A spokesperson for the 5-year USAID Securing Georgia’s Energy Future program told Investor.ge that the implementation of the competitive energy market mentioned earlier is absolutely critical, as it will provide potential investors with access to real data about local market conditions and prices.

Energy pundits in the country often say that political resolve to push the country’s energy sector forward also seems lacking, particularly in light of Enka’s recent decision to terminate its contract with the state, which may have repercussions for the energy field for years to come.

“Regardless of the myriad of issues, taking a long-term approach is necessary to ensure stable growth in Georgia’s energy sector,” says the USAID Securing Georgia’s Energy Future program spokesperson. “Demand has grown steadily in the past decade, faster than generation has been able to keep pace with, even with the addition of gas-fired power plants. PPAs may have their associated issues, but they are critical for the bankability of projects that the country so very needs.”
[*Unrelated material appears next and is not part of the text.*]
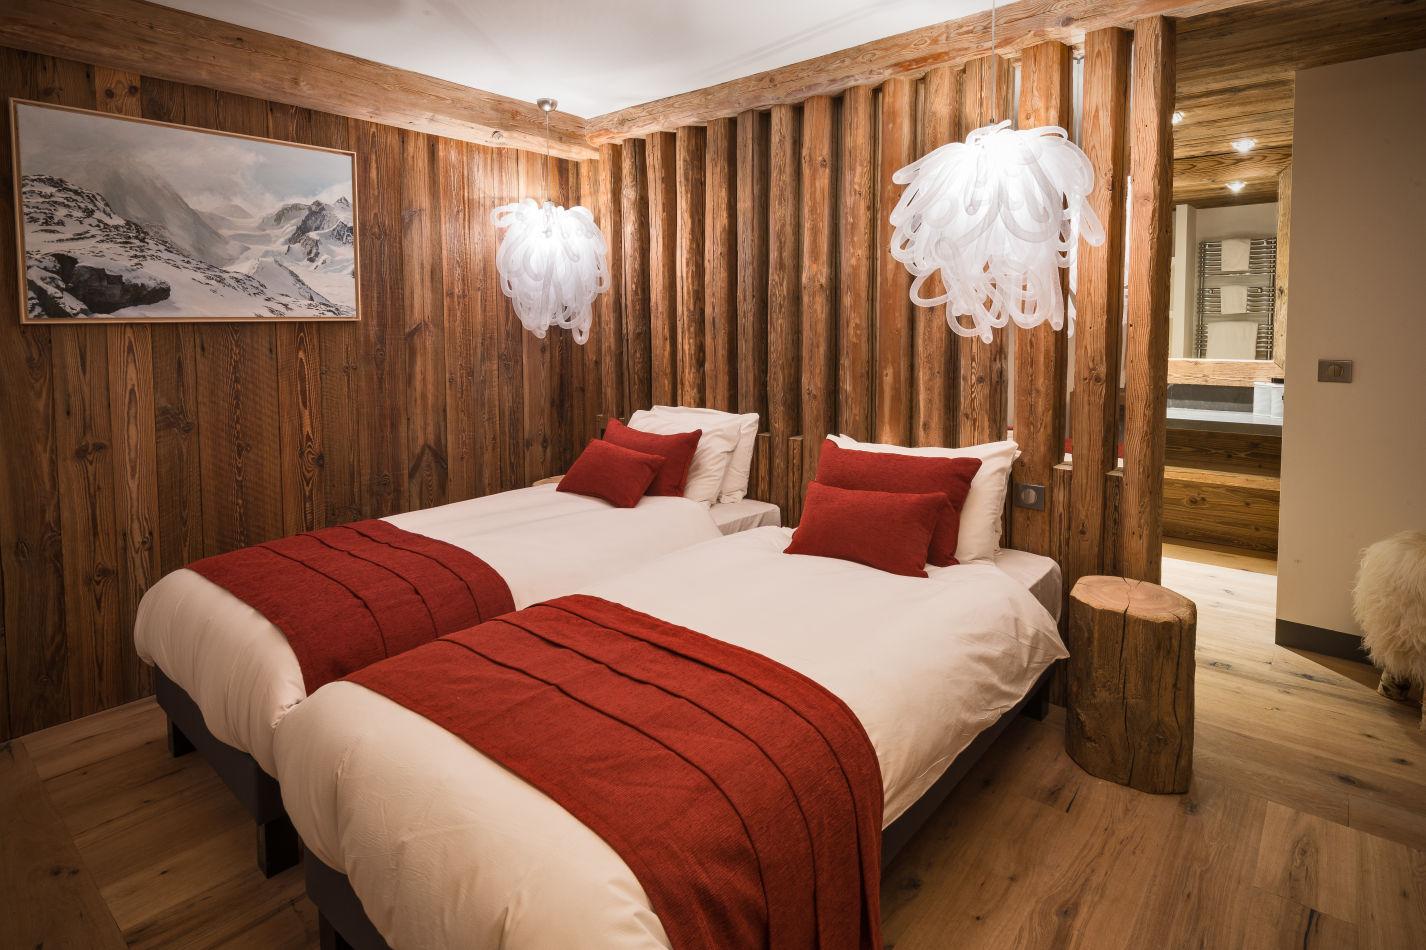 bedroom_5-3

But there’s a caveat here: PPAs only have to remain a part of the local investment ecosystem for a limited period of time. Indeed, Georgia’s power market is scheduled to ‘go liquid’ in 2022, and long-term PPAs could distort market prices:

“So, what we really need is a ‘transition solution’”, the spokesperson notes. “Just one of the potential compromises we’ll be promoting will be agreements based on mixed use of both PPAs and FIPs.”

There are yet other compromises the program says warrant discussion. Stalled HPP projects with PPAs could be reworked, or their license rescinded to make room for other potential plants which have a chance of meeting with less public resistance and running up against less red tape and technical barriers. Yet another interesting proposal: a mechanism that would adjust PPA payments against project IRRs, addressing concerns that PPAs could pose large fiscal risks to the budget, while assuring investors that returns would be guaranteed to a certain extent.

In response to the issues mentioned above, the Ministry of Finance notes that its “existing PPA portfolio highlights that [it] has an appetite for risk,” but how that will manifest in a more secure and eco-friendly future for the country’s power sector remains to be seen.